The definition of a mass spectrometer may seem simple: it is an instrument that can ionize a sample and measure the mass-to-charge ratio of the resulting ions. However, the versatility of this function has allowed it to become a vital tool in a wide range of fields, including biological research. This versatility arises from the fact that mass spectrometers can give qualitative and quantitative information on the elemental, isotopic, and molecular composition of organic and inorganic samples . Furthermore, samples can be analyzed from the gas, liquid, or solid state, and the masses that can be studied range from single atoms (several Da) to proteins (over 300,000 Da) .

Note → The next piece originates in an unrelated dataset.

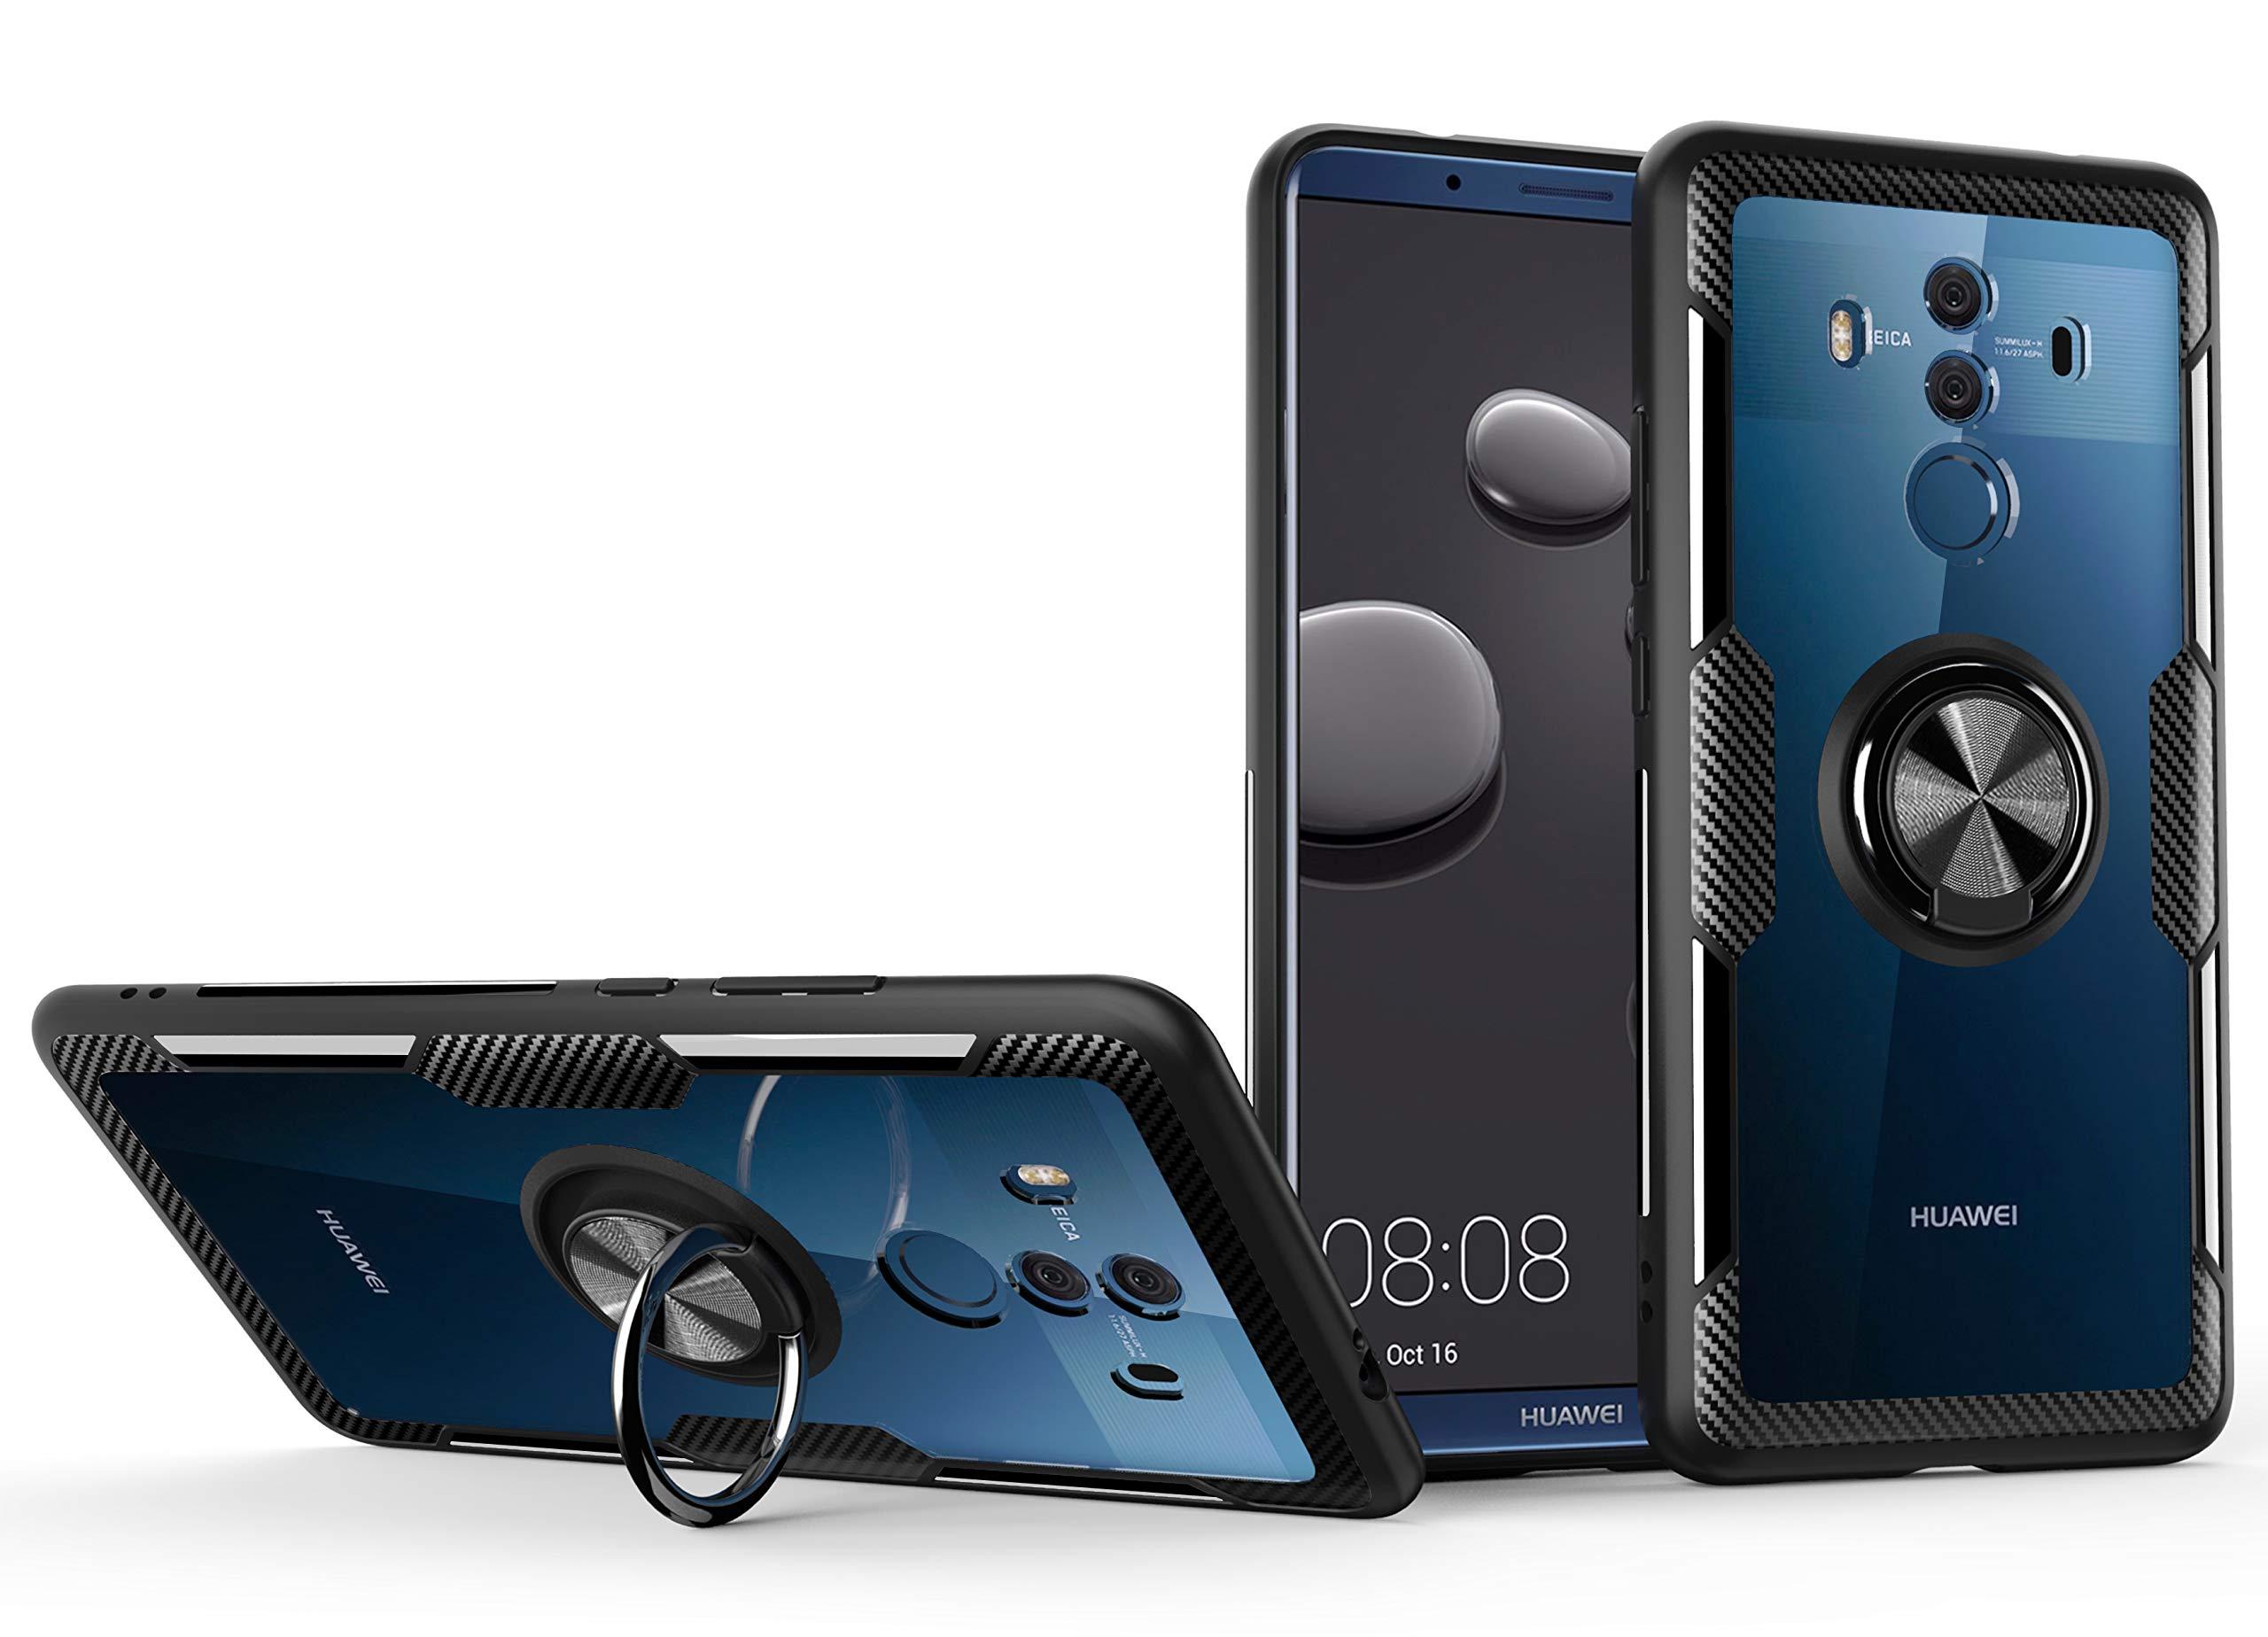 SORAKA Funda Transparente para Huawei Mate 10 Pro con Anillo Giratorio de 360 Grados Cubierta Transparente de PC Dura+Parachoques de Silicona,con Placa de Metal para Soporte Móvil Coche Magnético: Amazon.es: Electrónica

The application of mass spectrometry (MS)11 to biology began in the 1940s, when heavy stable isotopes were used as tracers to study processes such as CO2 production in animals . Since that time, advances in technology have increased the range of sample types that can be ionized and the range of masses that can be measured, which has diversified the applications of MS. The biological applications of MS currently encompass such diverse areas as screening newborns for metabolic disorders , comparing protein expression levels between cells grown in different media , determining the bioavailability of minerals in food , and studying how pharmaceutical drugs are metabolized in vivo . As an example of the growing importance of MS, a recent search of PubMed (an archive of citations from life science journals ) for the phrase “mass spectrometry” resulted in over 65,900 total hits, with over 6,500 of these articles published in the year 2002 alone. The current importance of MS to biological research is highlighted by the 2002 Nobel Prize in Chemistry, which was awarded to John Fenn and Koichi Tanaka “for their development of soft desorption ionization methods for mass spectrometric analysis of biological macromolecules” .

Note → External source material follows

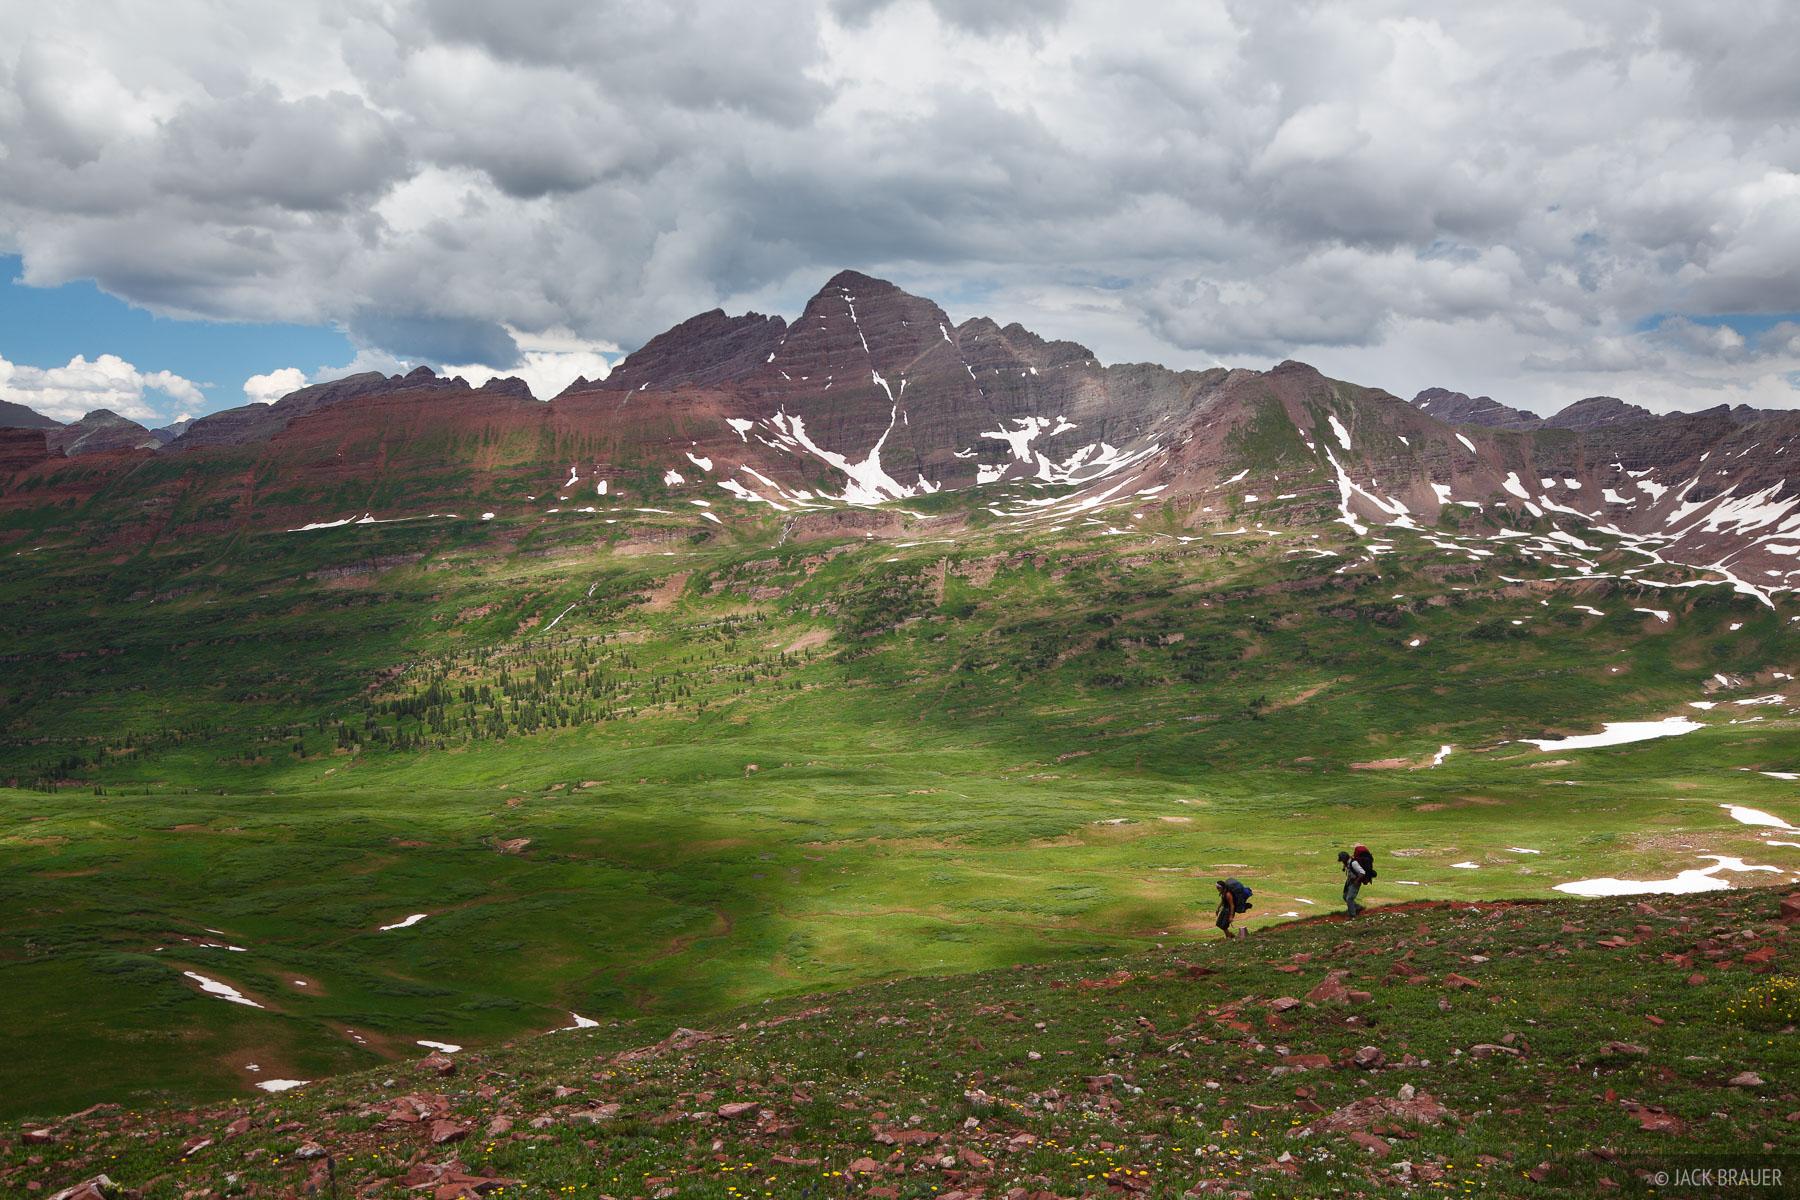 Frigid Air Pass, Maroon Bells, Elk Mountains, Colorado, hikers, Fravert Basin, Maroon Bells-Snowmass Wilderness, photo

The goal of this review is to familiarize the reader with MS and some of its current applications to biological research. The total number of applications is too large to cover in a single review, so we provide a general overview with an emphasis on protein characterization, one of the newest and most widespread applications of biological MS.
A BRIEF HISTORY OF THE BIOLOGICAL APPLICATIONS OF MS
J. J. Thompson constructed the first mass spectrometer in 1912. The early mass spectrometers were primarily used by physicists to study the atomic weight of the elements and the natural relative abundance of elemental isotopes . Although these early instruments could not be used to study biomolecules, it was not long before they were used to study heavy isotopes as tracers in biological systems . Improvements in the range of masses that could be analyzed and the types of sample that could be vaporized made possible the study of organic compounds in 1956. In 1959, MS was first used to sequence peptides and oligonucleotides, and in 1962 it was used to study the structure of nucleotides .
Ionization of larger molecules such as proteins was not possible until 1981, when the fast atom bombardment ionization method was introduced . The ability to ionize larger molecules was further improved with the advent of electrospray ionization (ESI) by Fenn and coworkers in 1988 . The electrospray ion source was easily connected to on-line liquid chromatography (LC), which made possible the analysis of complex mixtures. Time-of-flight (TOF) mass analysis had been developed and commercialized by 1956, but relatively poor mass resolution was a problem until improvements were made in the early 1970s . An ionization technique for biological molecules that could be used with TOF analysis was introduced in 1991. This ion source, matrix-assisted laser desorption/ionization (MALDI), was the result of work in Germany by Hillenkamp, Karas, and coworkers  and in Japan by Tanaka and coworkers . Like ESI, the MALDI ion source was capable of ionizing and vaporizing large molecules such as proteins.
Protein structure was first studied by MS in 1990 , and the peptide mass fingerprinting technique used to identify proteins via MS was developed in 1993. Shortly thereafter, the ability to identify proteins was further enhanced by the development of software programs to search protein mass spectra data against online databases of amino acid sequences . Isotope-coded affinity tags (ICAT), developed in 1999, made possible the quantification of individual proteins in a complex mixture. This technology allowed the simultaneous comparison of the expression levels of all proteins in cells grown in different media .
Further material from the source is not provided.